The L3 cache implements graceful error handling:

  • Encryption failures: Fall back to unencrypted storage with warnings
  • File system errors: Retry with exponential backoff
  • Corruption detection: Automatic cleanup of corrupted entries
  • Permission issues: Clear error messages and recovery suggestions

Use Cases & Best Practices

Ideal Use Cases

  • Long-term secret caching: Store frequently accessed secrets with 24+ hour TTL
  • Offline resilience: Maintain critical data availability during network outages
  • Cross-restart persistence: Preserve expensive computations across deployments
  • Backup cache layer: Fallback when distributed caches are unavailable
  • Development environments: Reduce API calls during development and testing

Performance Optimization

  • Batch operations: Use pattern-based clearing for bulk cache invalidation
  • TTL tuning: Set longer TTLs for stable data, shorter for dynamic content
  • Storage location: Use fast SSDs for cache storage when possible
  • Cleanup scheduling: Adjust cleanup intervals based on cache churn rate
  • Encryption trade-offs: Disable encryption for non-sensitive data to improve performance

Security Best Practices

  • Key management: Use environment variables in production, never hardcode keys
  • File permissions: Ensure cache directory has restrictive permissions (0700)
  • Regular audits: Monitor cache access patterns for anomalies
  • Key rotation: Implement periodic key rotation (manual process currently)
  • Backup strategy: Include encryption keys in disaster recovery procedures

Operational Considerations

  • Disk space monitoring: Set up alerts for cache directory disk usage
  • Performance monitoring: Track cache hit rates and response times
  • Log analysis: Monitor encryption/decryption errors and file system issues
  • Cleanup verification: Ensure expired entries are properly removed
  • Recovery procedures: Document cache rebuild processes for disaster recovery

Integration Patterns

  • Vault secrets: Cache KV secrets with appropriate TTLs based on sensitivity
  • Authentication data: Store token validation results with security-appropriate TTLs
  • Configuration data: Cache mount information and engine metadata
  • Policy evaluation: Store policy decision results for performance
  • Lease management: Cache lease information with proper expiration handling

Troubleshooting

Common Issues

  • Permission denied: Check file system permissions on cache directory
  • Encryption key mismatch: Verify key consistency across restarts
  • Disk space full: Monitor and clean up cache directory regularly
  • Slow performance: Check disk I/O performance and consider SSD storage
  • Memory usage: Monitor process memory for large cached objects

Debugging Tools

  • Cache statistics: Use Vaultx.Cache.stats() for performance metrics
  • Log analysis: Enable debug logging for detailed operation tracking
  • File inspection: Examine cache files directly (encrypted files will be binary)
  • Process monitoring: Check GenServer health and restart patterns
  • Metrics collection: Use telemetry data for performance analysis

Summary

Functions

Returns a specification to start this module under a supervisor.
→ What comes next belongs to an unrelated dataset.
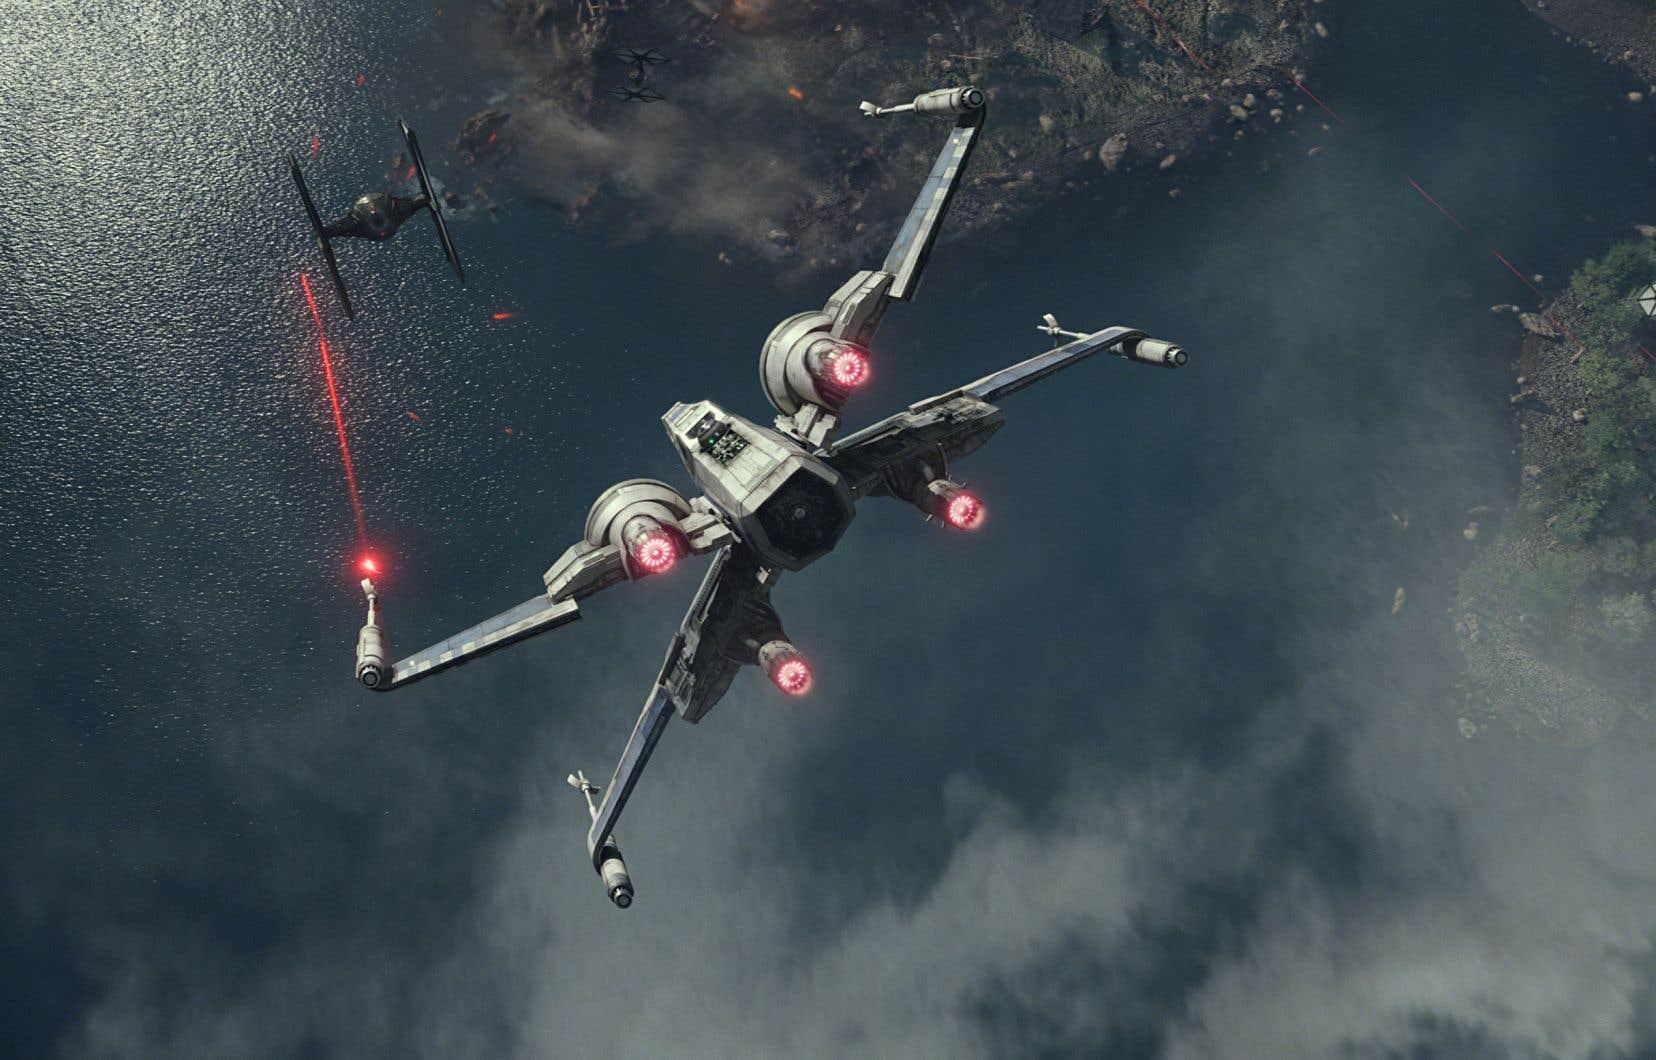 La série «Star Wars» permet de parler de la fragilité de la démocratie. Elle nous montre qu'une fois acquise, elle peut être constamment remise en danger.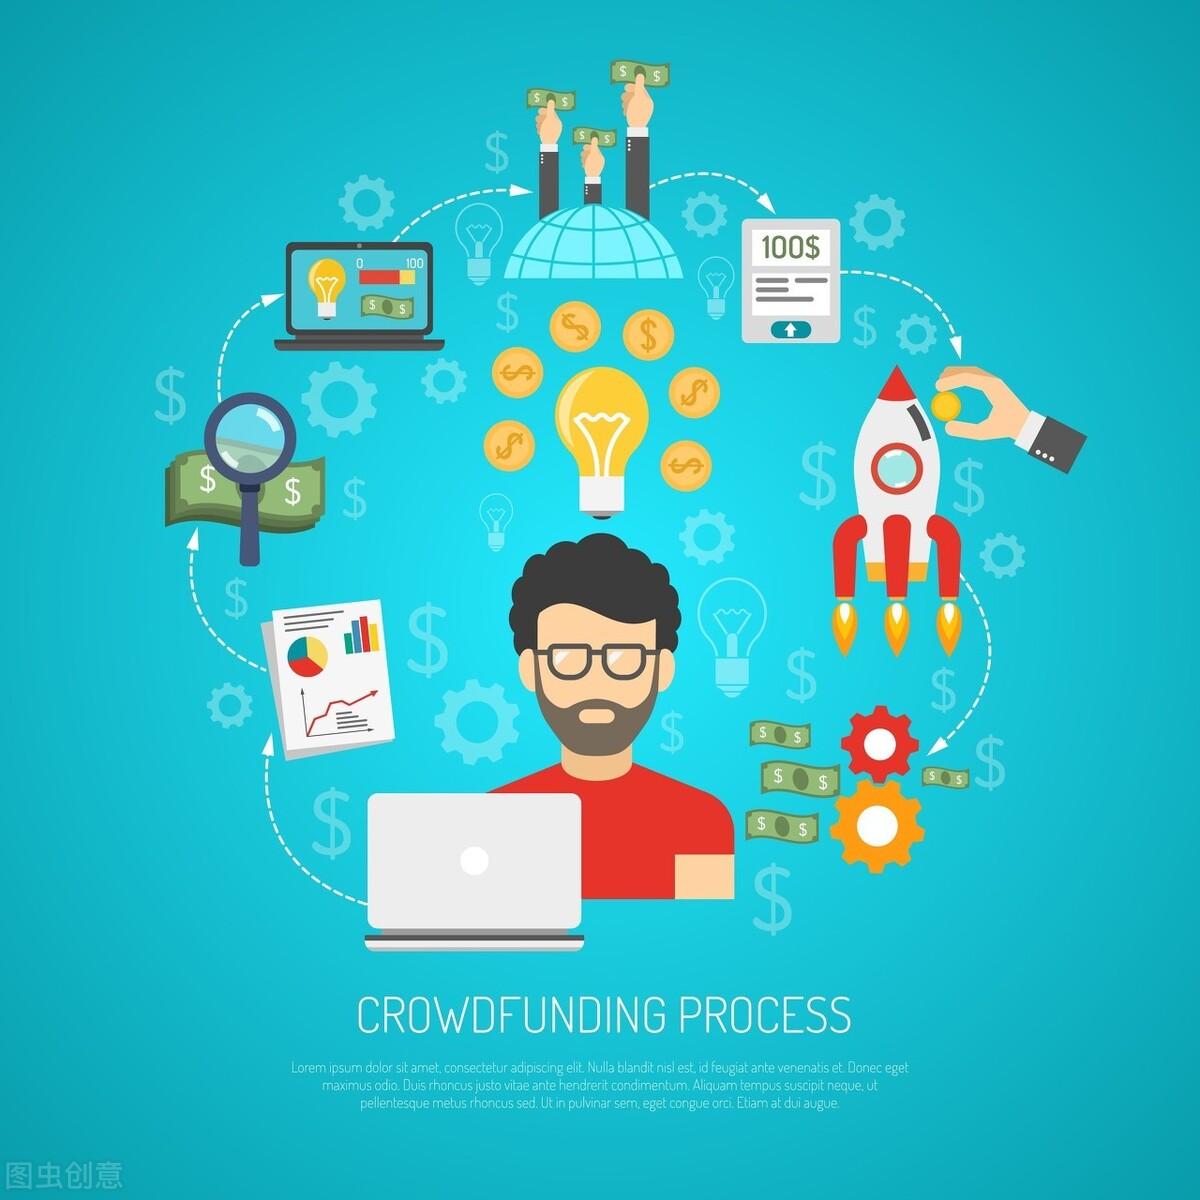 你知道哪些互联网创业小项目?

Performs cleanup of expired entries.

Clears L3 cache.

Deletes a value from L3 cache.

Gets a value from L3 cache.

Puts a value into L3 cache.

Starts the L3 cache.

Gets L3 cache statistics.

Functions

child_spec(init_arg)

Returns a specification to start this module under a supervisor.

See Supervisor.

cleanup()

Performs cleanup of expired entries.

clear(pattern \\ :all)

Clears L3 cache.

delete(key)

Deletes a value from L3 cache.

get(key)

Gets a value from L3 cache.

put(key, value, opts \\ [])

Puts a value into L3 cache.

start_link(config)

Starts the L3 cache.

stats()

Gets L3 cache statistics.